Because Vβ11 TCR+ CD4+ T cells have been implicated in GVHD pathogenesis, particularly with gastrointestinal involvement in the B6→BALB.B model,31,32 we analyzed Vβ11 expression in Tcons, tTregs, and pTregs from different lymphoid organs (Figure 4A). Percentages and total numbers of Vβ11-expressing Tcons were comparable between PBS- and PTCy-treated chimeras (data not shown). However, total numbers of both Vβ11+ tTregs and pTregs were higher in the MLNs and CLNs of PTCy-treated chimeras (data not shown), resulting in significantly lower Tcon/tTreg and Tcon/pTreg ratios in the MLNs and CLNs of PTCy recipients (Figure 4B). The increased Vβ11+ Tcon/tTreg ratio in PBS vs PTCy-treated chimeras was particularly prominent in the MLNs of control chimeras, consistent with the known gastrointestinal predilection of Vβ11+ Tcons (Figure 4B, left panel).
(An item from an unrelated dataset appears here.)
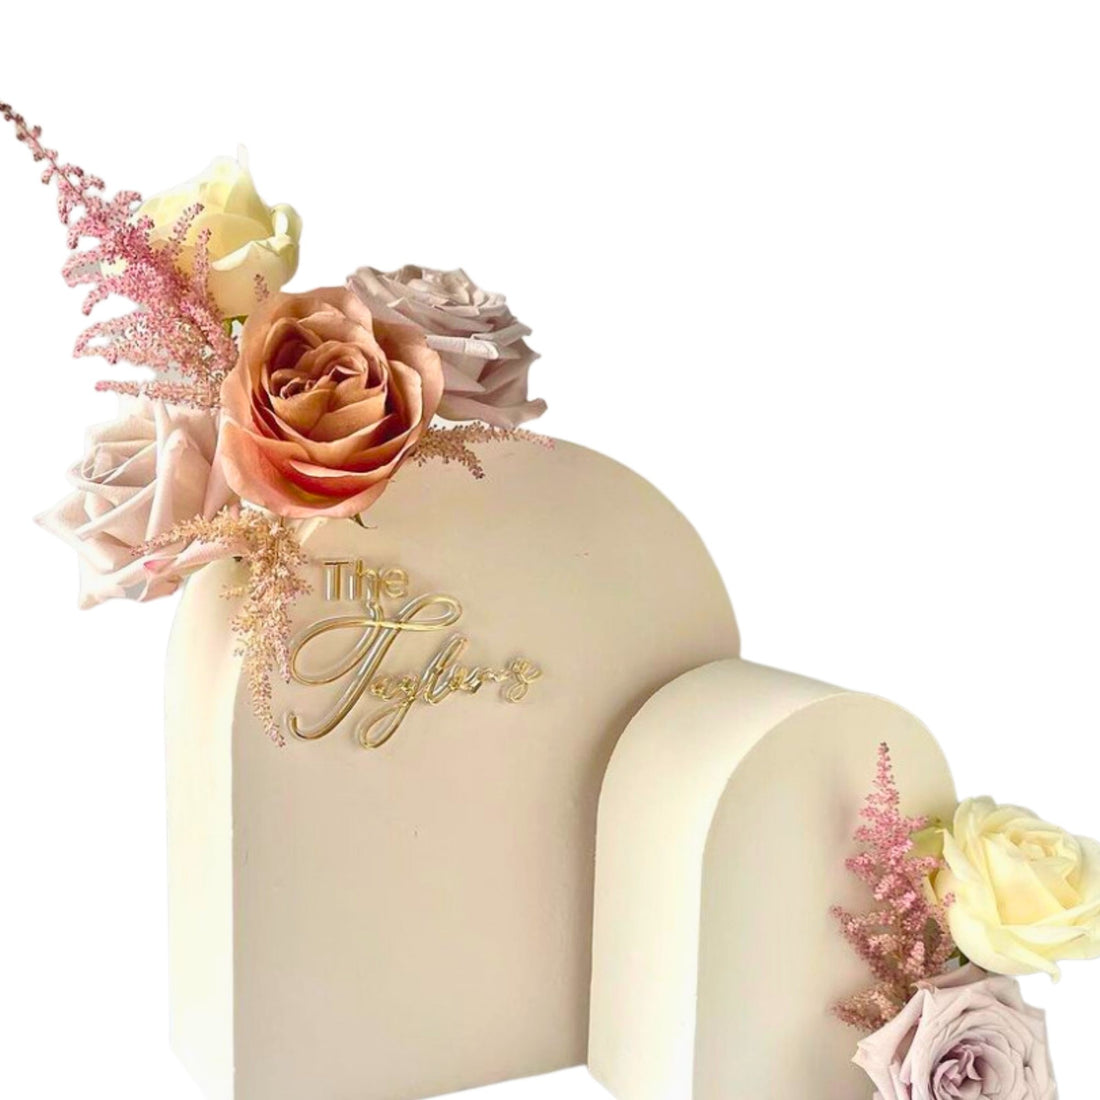 Surname Wedding Cake Charm - Cake Topper Warehouse

tTregs and pTregs retrieved from control and PTCy-treated chimeras differ in their suppressive capability and TSDR demethylation profile
After confirming that PTCy promotes recovery of donor Tregs, we sought to evaluate their functional contribution to GVHD-specific protection. First, we investigated whether Tregs retrieved from PTCy-treated chimeras could suppress T-cell proliferation in vitro. We found that tTregs reisolated from PTCy-treated chimeras were as suppressive as tTregs from controls or pre-alloBMT Tregs from donors (Figure 5A-B). In contrast, pTregs retrieved from either PTCy-treated or control chimeras were only moderately suppressive (Figure 5A-B).
To evaluate the stability of the Treg phenotype, we performed epigenetic analysis of the Treg-specific demethylated region (TSDR) in Tcons, tTregs, and pTregs retrieved from control and PTCy-treated chimeras and compared them with CD4+Foxp3+ Tregs from untransplanted donors. The Foxp3 TSDR of tTregs is known to be highly demethylated, whereas Foxp3– Tcons and pTregs have methylated and partially methylated TSDRs, respectively.33 Analysis of steady-state tTregs isolated from donor mice (B6.Foxp3GFP or B6.Foxp3RFP) revealed 0% to 10% methylated TSDRs (supplemental Figure 4). Interestingly, organ-specific or pooled (data not shown) tTregs from PTCy-treated chimeras were minimally methylated (0%-20% methylation) compared with tTregs from PBS-treated controls (10%-50% methylation; Figure 5C). Notably, pooled pTregs from both PTCy recipients and controls were partially methylated (20%-70% methylation), whereas Tcons from either group were fully methylated (Figure 5C). Thus, the post-BMT inflammatory milieu culminating in GVHD appears to have a substantial impact on CpG demethylation stability in the TSDR locus, but PTCy treatment promotes persistence of demethylated tTregs. The observed differences in suppressive ability and epigenetic stability of induced pTregs may help explain the insufficient GVHD protection seen in mice treated with DT before PTCy despite the high circulating percentages of pTregs.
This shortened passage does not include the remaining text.